> **What you have to do**
Repeat, line for line, only the span that opens at the "Porngrapy film" line and closes at the final line below. Skip the pictures.

> **Data below**
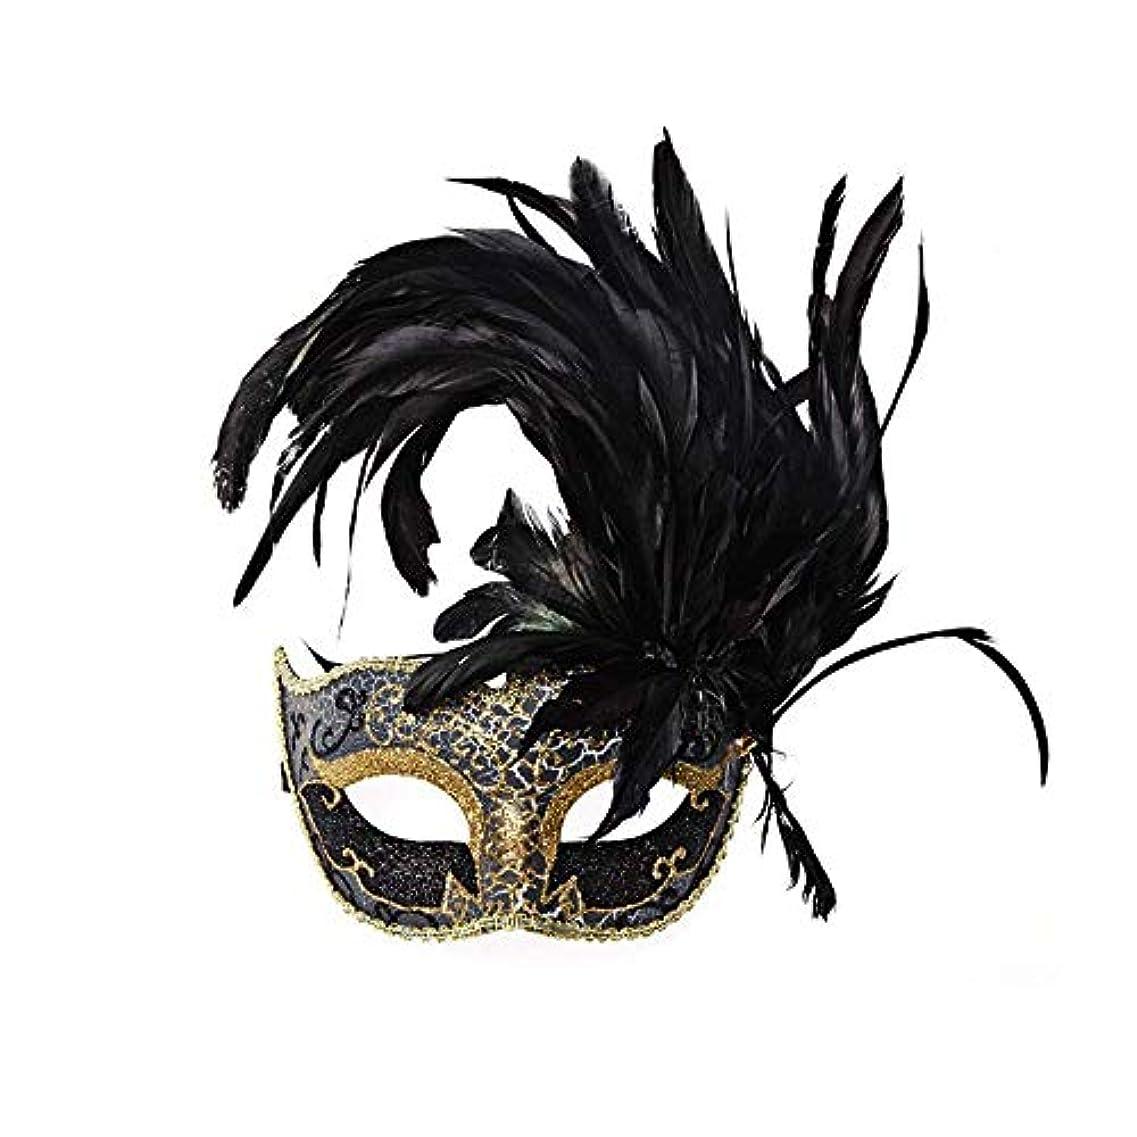 親愛な飼い慣らす変成器Nanle ハロウィンマスクハーフフェザーマスクベニスプリンセスマスク美容レース仮面ライダーコスプレ (色 : Style A black)
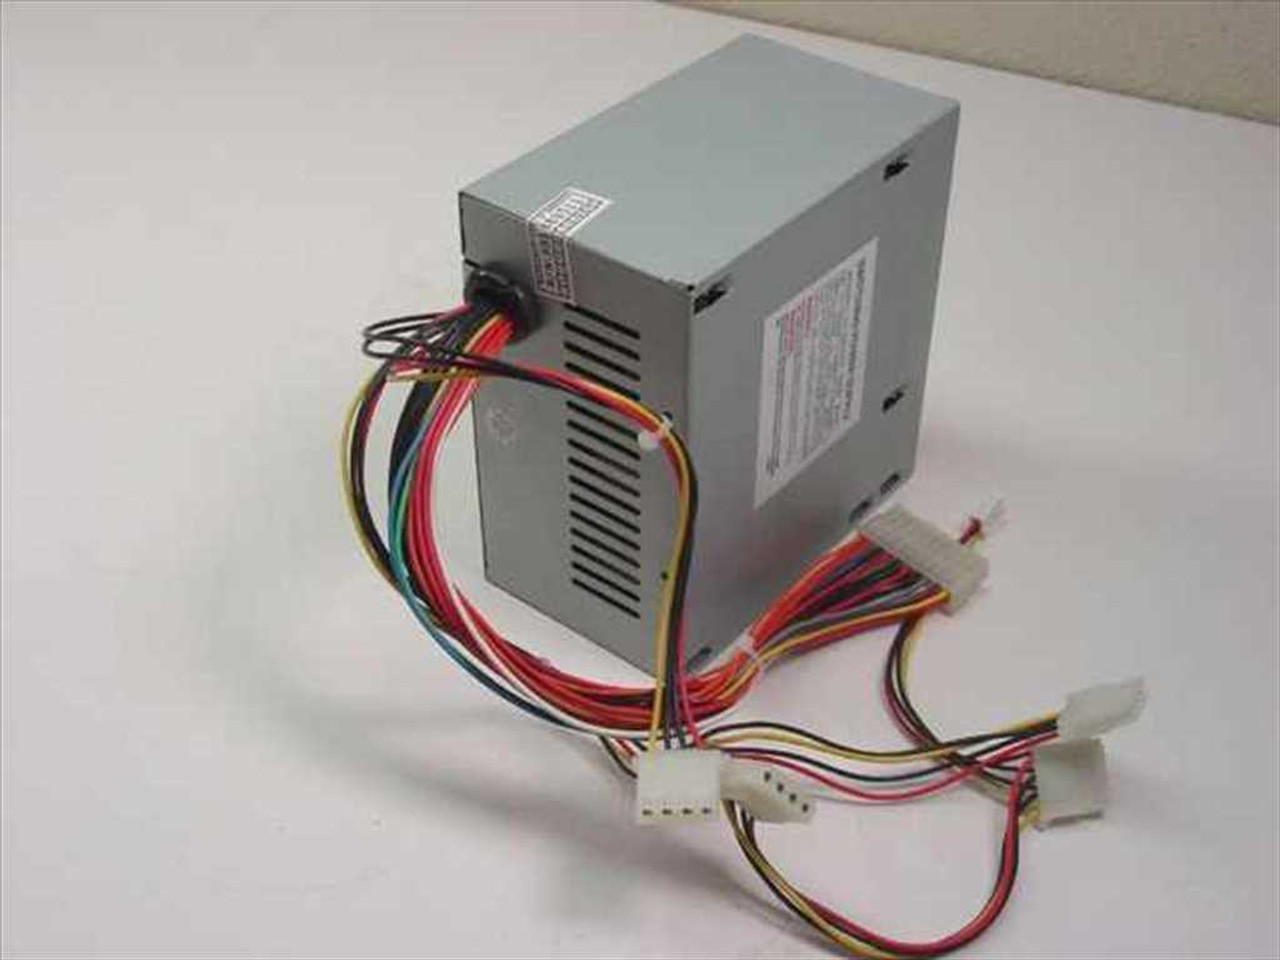 Ausgezeichnet Atx 250 Netzteil Fotos - Elektrische Schaltplan-Ideen ...
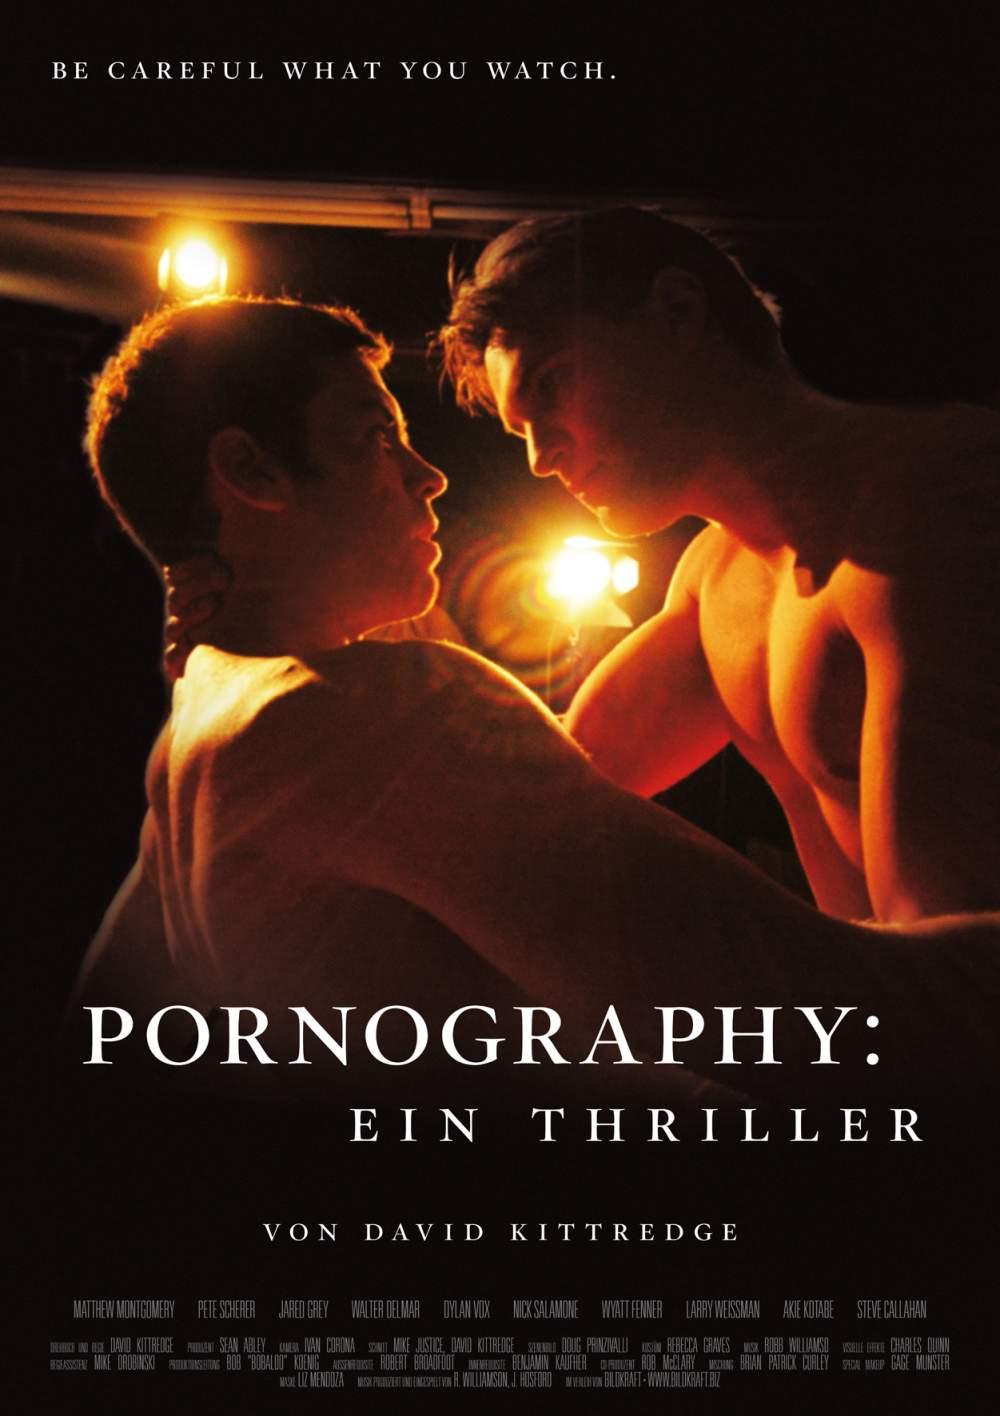 Porngrapy film
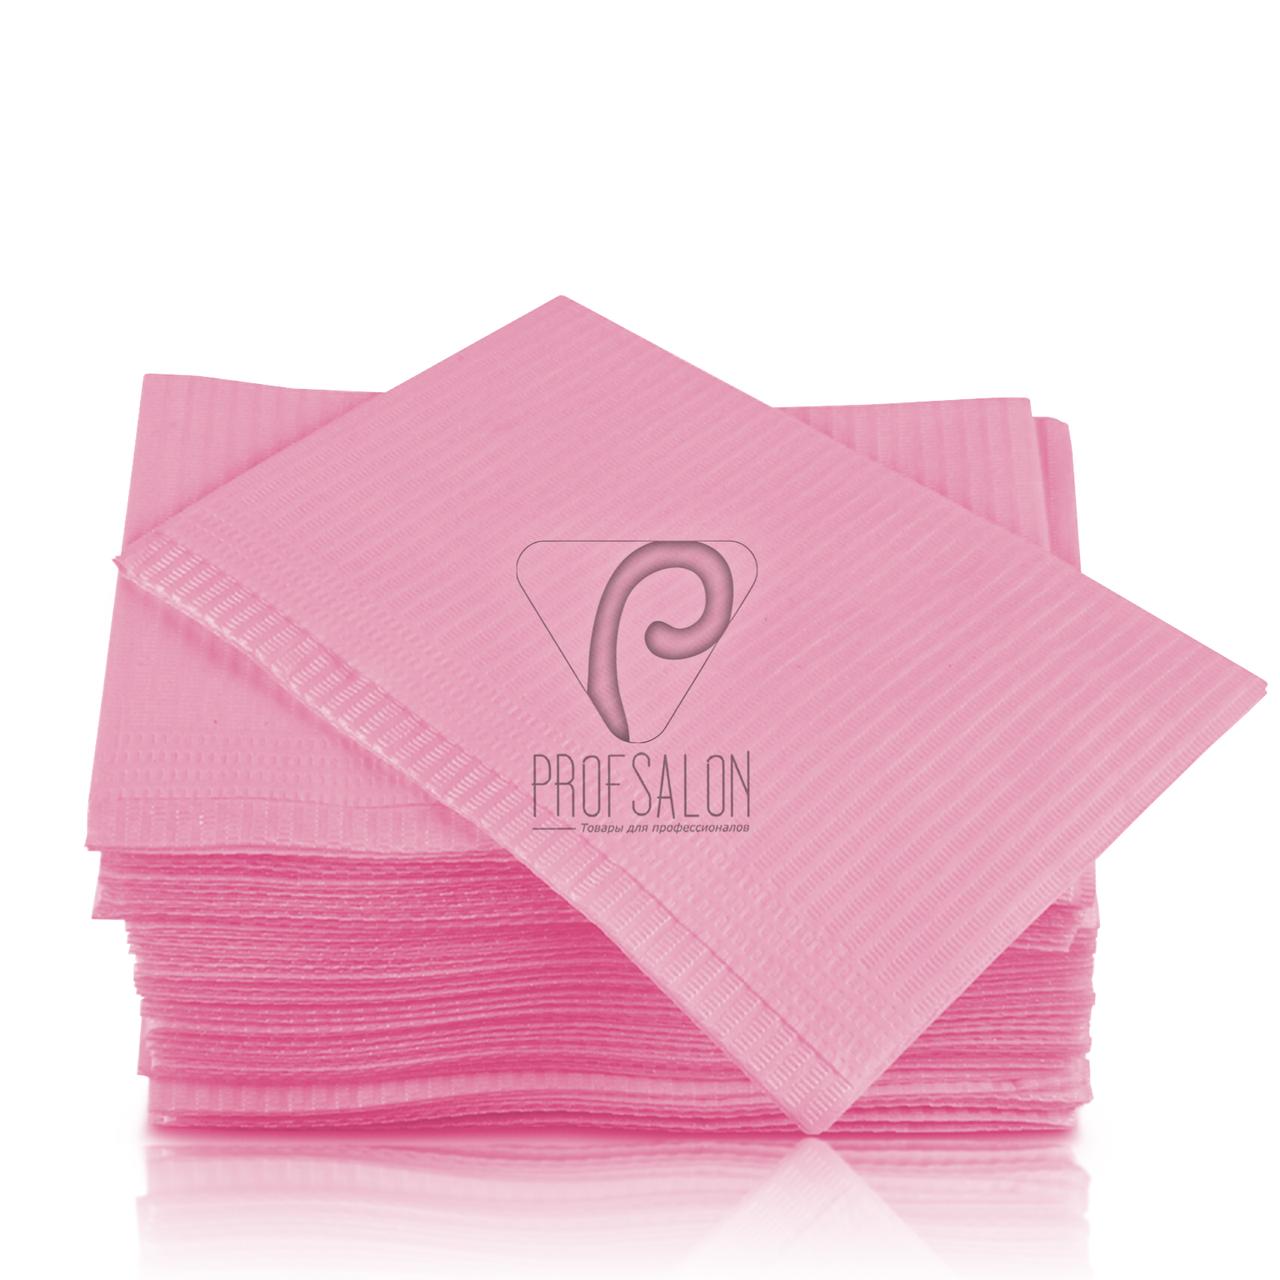 Стоматологические салфетки нагрудники непромокаемые, 125 шт, 45х32см, светло-розовые

> **Solution to this problem**
 Porngrapy film
 Стоматологические салфетки нагрудники непромокаемые, 125 шт, 45х32см, светло-розовые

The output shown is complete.